Of all the FAEEs determined in the following study, it is oleate that is most likely to reflect the amount of alcohol at the time prior to death (even though the post-mortem examination did not reveal the presence of alcohol in the blood), which was also confirmed in the work by Soderberg and colleagues [25]. The results of their study suggested that a concentration of ethyl oleate of 0.0004 µg/mL was a sign of chronic alcoholism. For the study group, such or higher concentrations were present in 96.67% and as high as 59.38% of cases in the control group. Ethyl stearate levels, on the other hand, appear to best reflect recent ethanol consumption, which was also confirmed by the standard whole blood examination.

5. Conclusions

Based on the determinations carried out in this study, it can be concluded that targeted metabolomic analysis of plasma samples is a useful research tool for assessing metabolic changes associated with ethanol consumption. Especially, the determination of FAEEs in post-mortem plasma samples is useful to confirm or exclude the presence of exogenous ethanol in the body. The application of the GC-QqQ-MS technique has allowed the development and validation of a robust method for the quantification of selected FAEEs in plasma samples from deceased individuals.

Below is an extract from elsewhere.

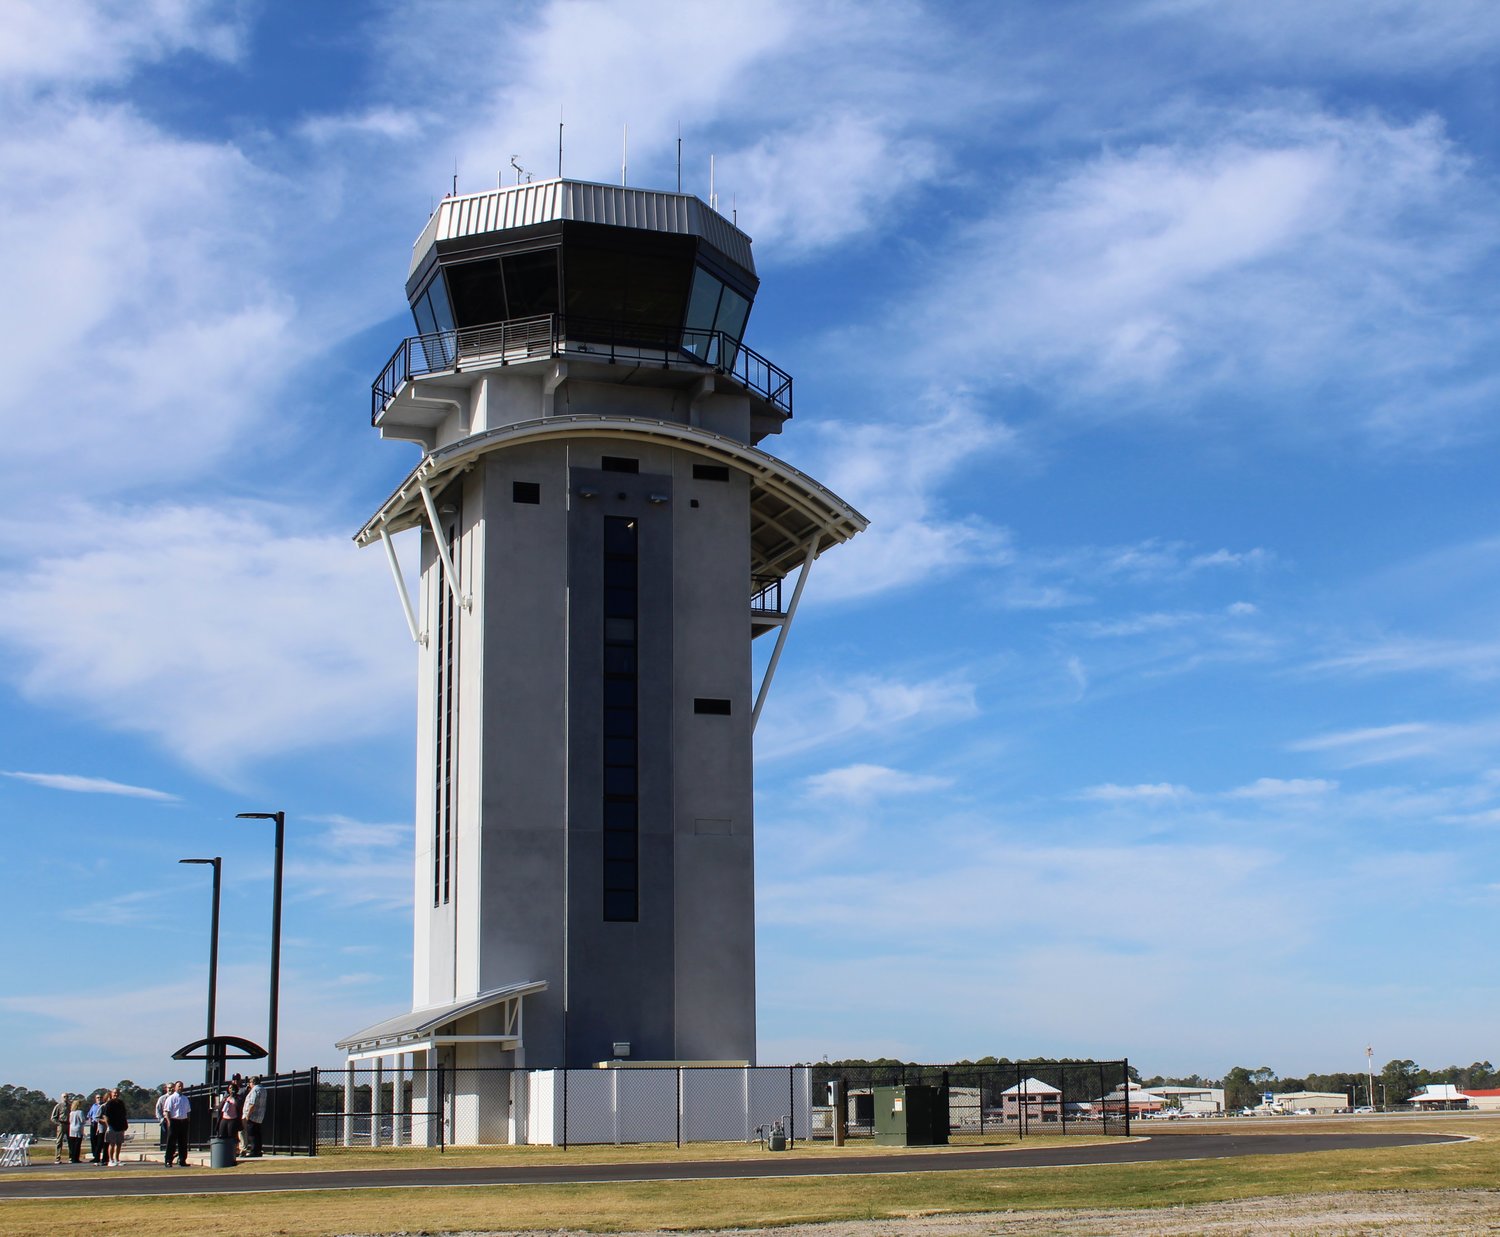 Gulf Shores International Airport will receive a $59,000 grant through the Airport Rescue Grant Program for the fiscal year 2022. The funds are intended to reimburse the airport for operating costs incurred during the COVID-19 pandemic.
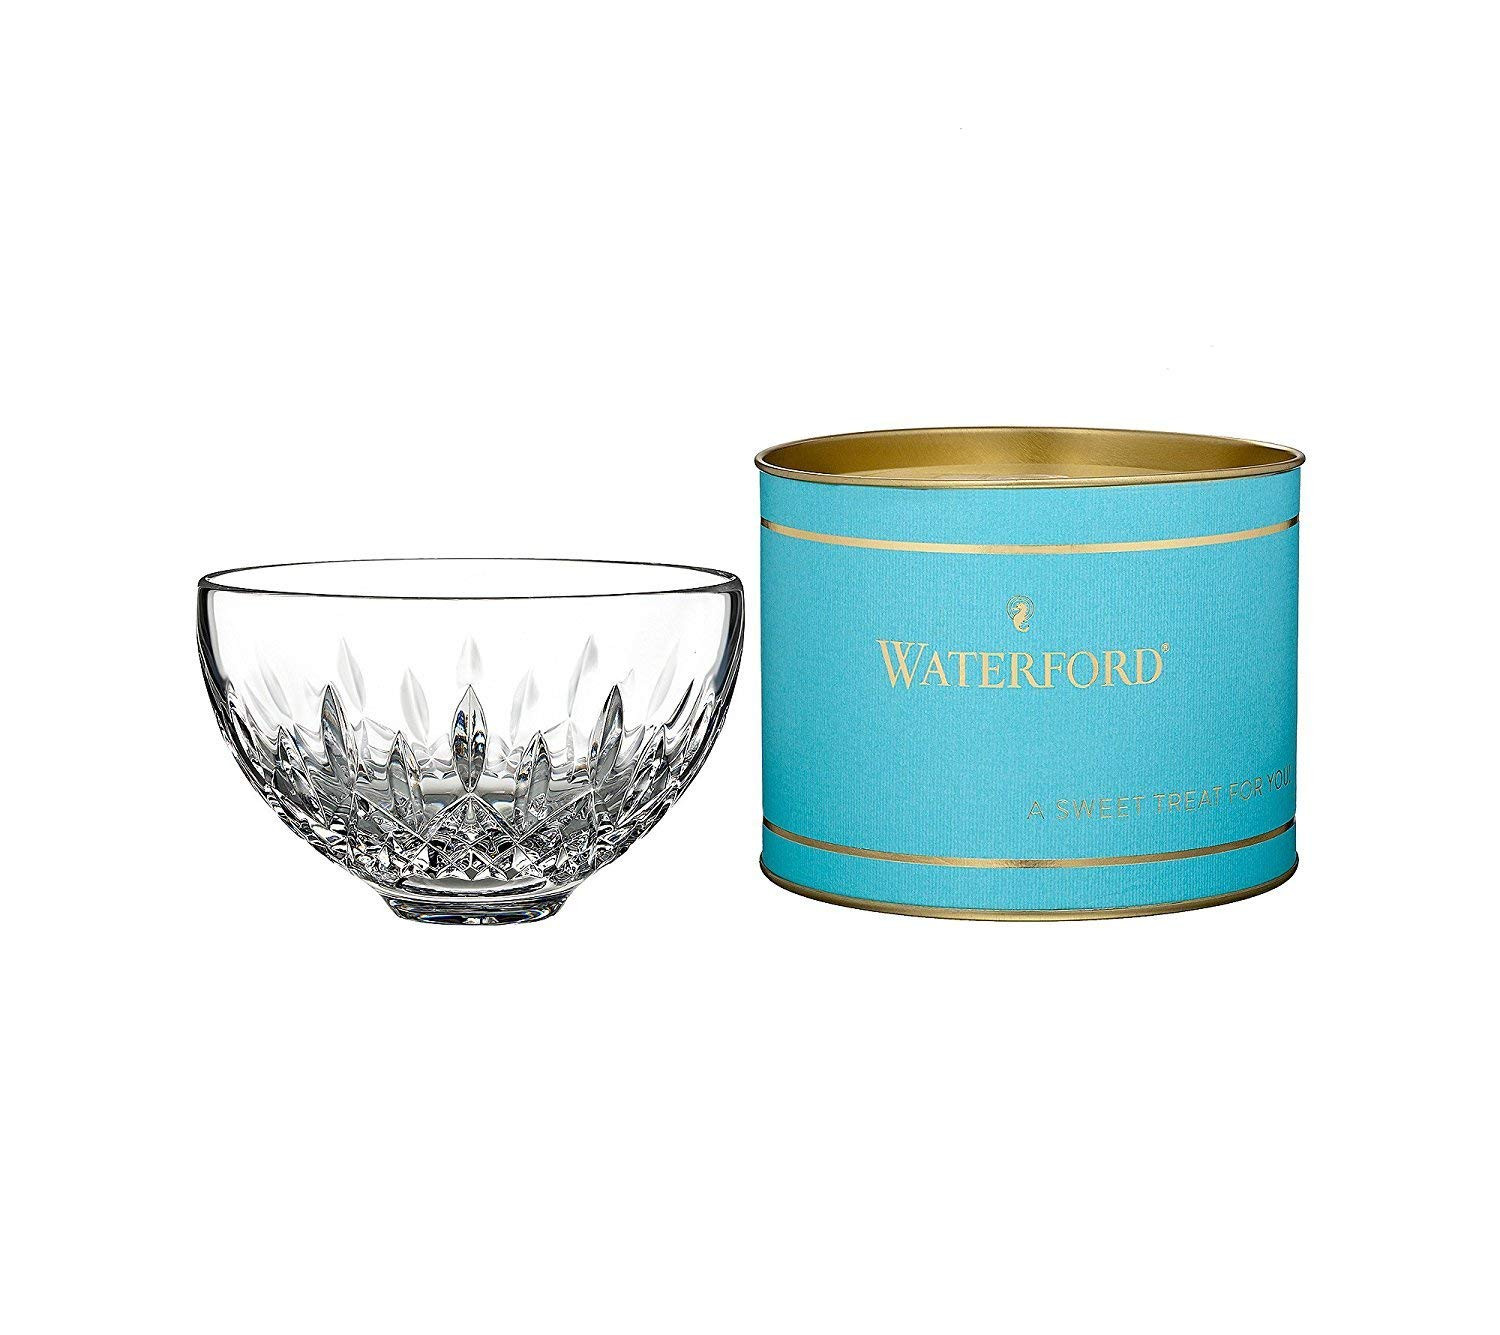 10 Fabulous Waterford Lismore Vase 8 2024 free download waterford lismore vase 8 of amazon com waterford giftology lismore 5 honey bowl home kitchen for 71a1pjccahl sl1500

Principal component analyses showed that the determined concentration of ethyl stearate highly differentiates the collected samples, showing differences between the samples of the control and test groups.

The biochemical interpretation of the results obtained with the available medical records suggests that plasma FAEEs concentrations seem to be promising indicators of pre-mortem alcohol consumption and may be one of the factors helpful in determining the cause and mechanism of death.